• _DIRECTIONS_:
Please write out all the data that follows exactly, without the pictures.
---- DATA EXTRACT
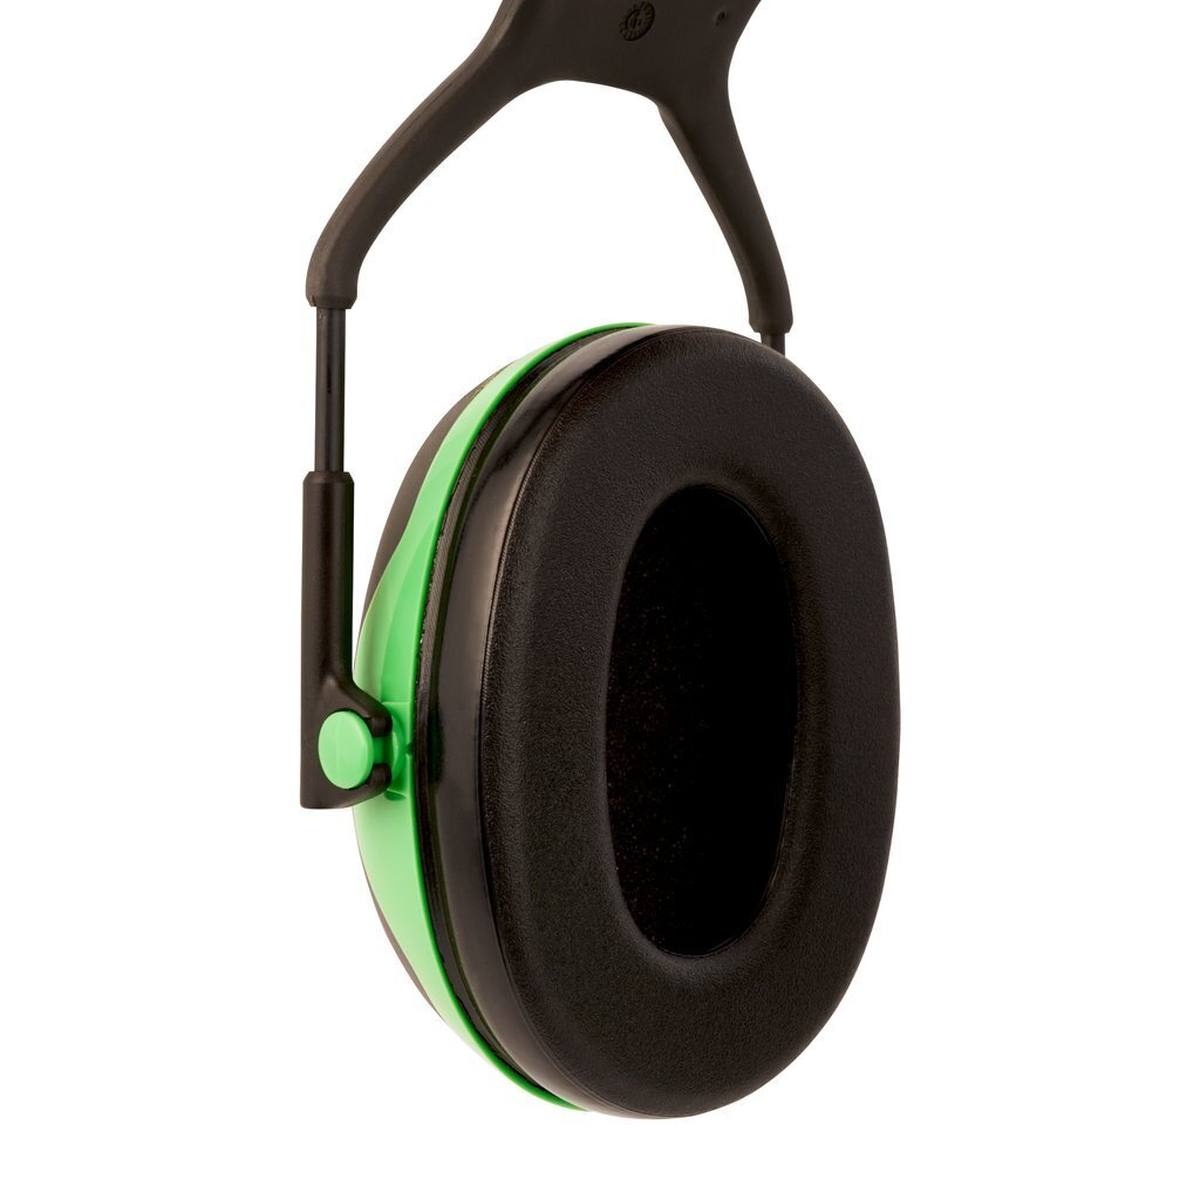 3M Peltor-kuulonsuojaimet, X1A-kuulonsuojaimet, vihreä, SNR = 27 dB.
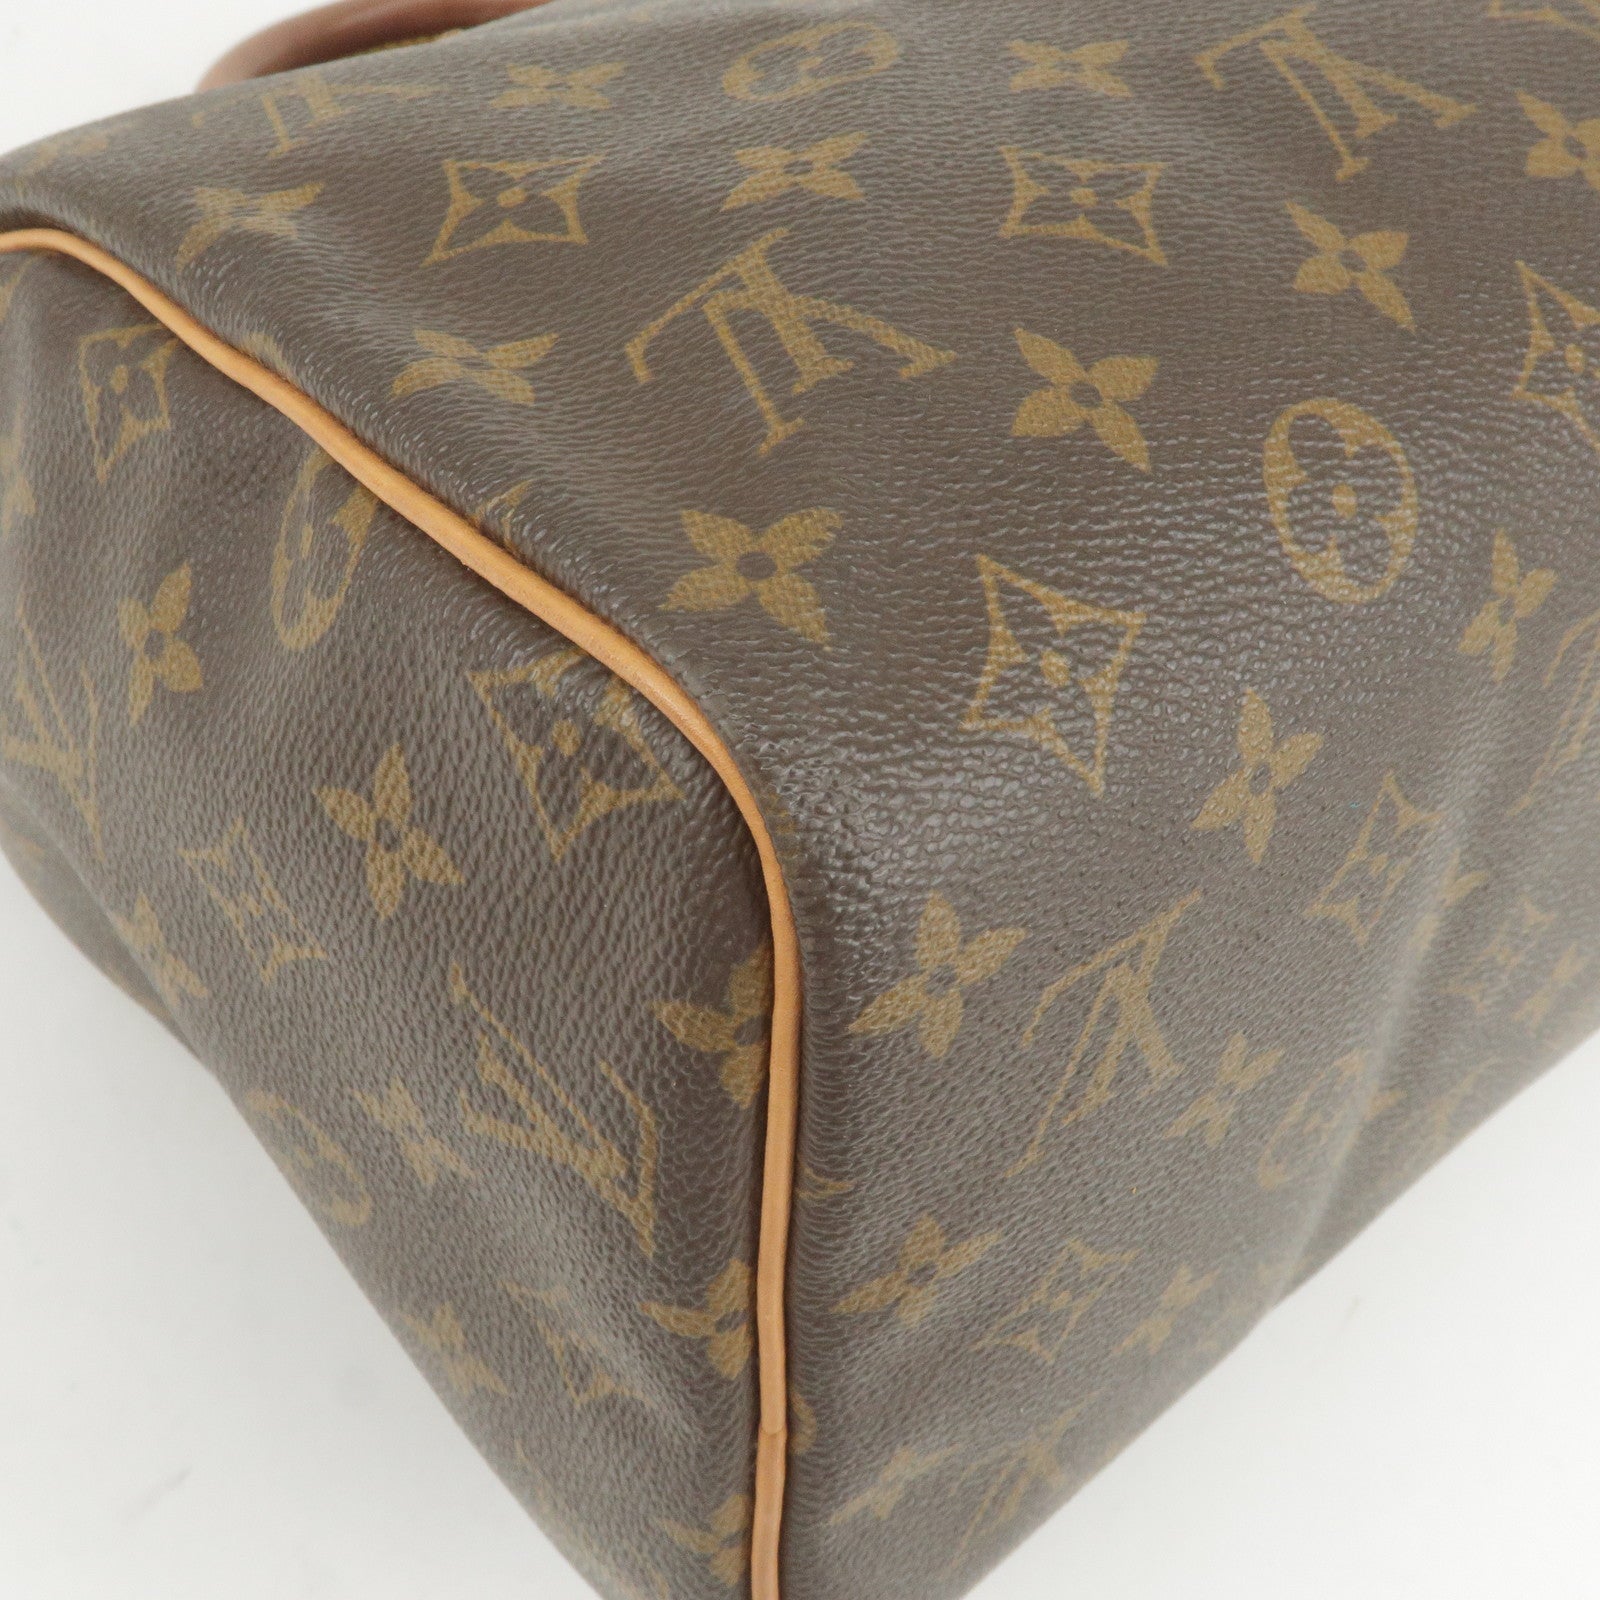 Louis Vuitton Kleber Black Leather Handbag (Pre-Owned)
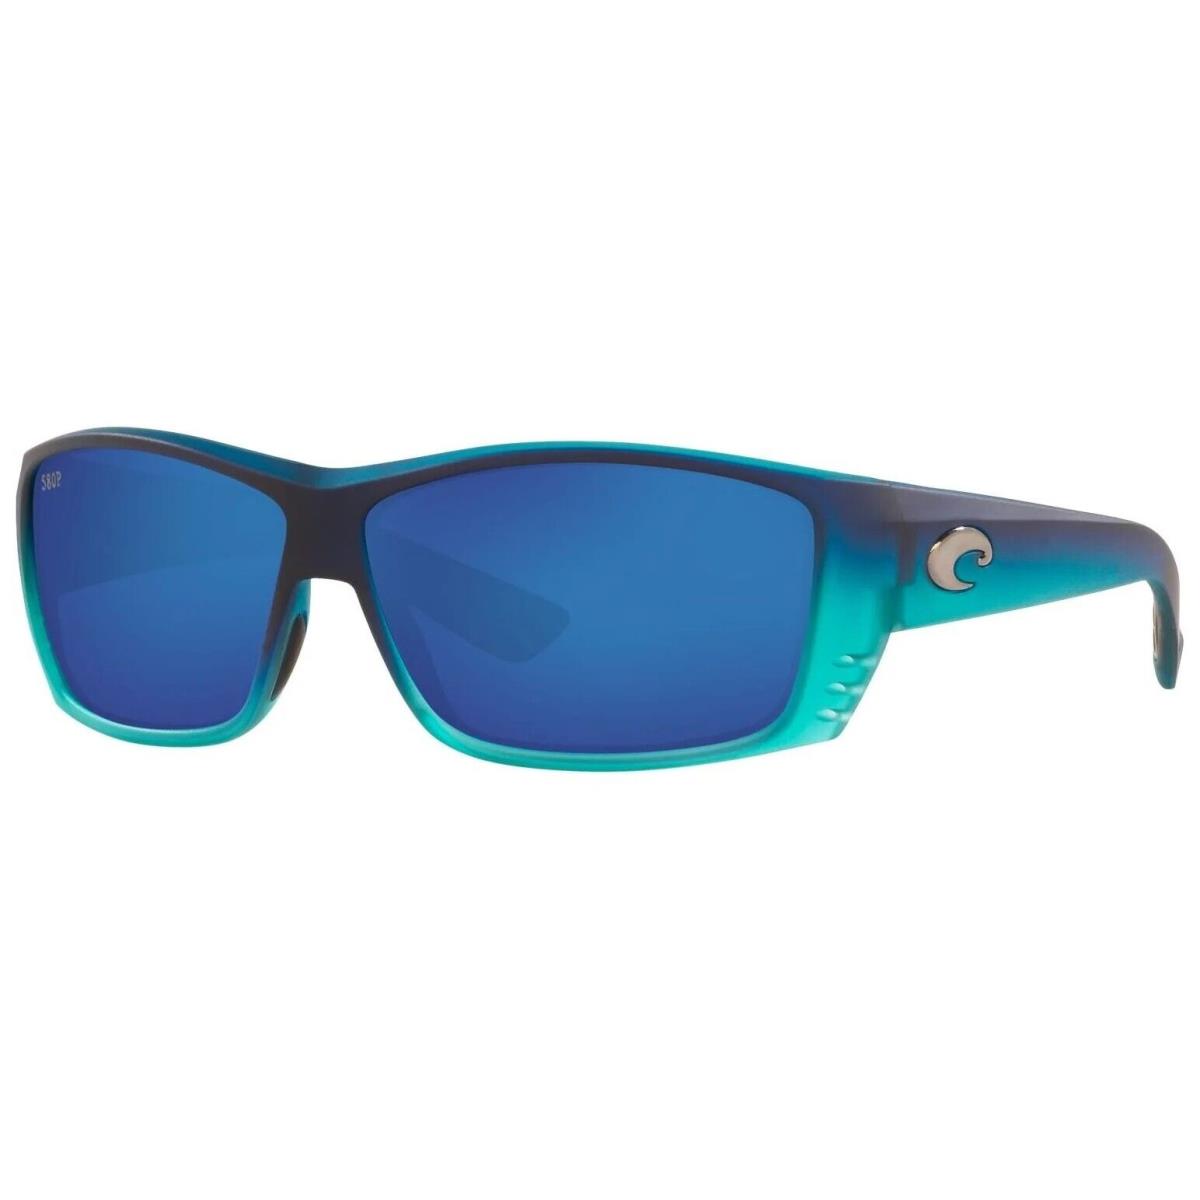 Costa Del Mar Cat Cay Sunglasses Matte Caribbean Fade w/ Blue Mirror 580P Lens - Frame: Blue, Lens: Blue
--------
• _ANSWER TO THE PROBLEM_:
 3M Peltor-kuulonsuojaimet, X1A-kuulonsuojaimet, vihreä, SNR = 27 dB.
 Louis Vuitton Kleber Black Leather Handbag (Pre-Owned)
 Costa Del Mar Cat Cay Sunglasses Matte Caribbean Fade w/ Blue Mirror 580P Lens - Frame: Blue, Lens: Blue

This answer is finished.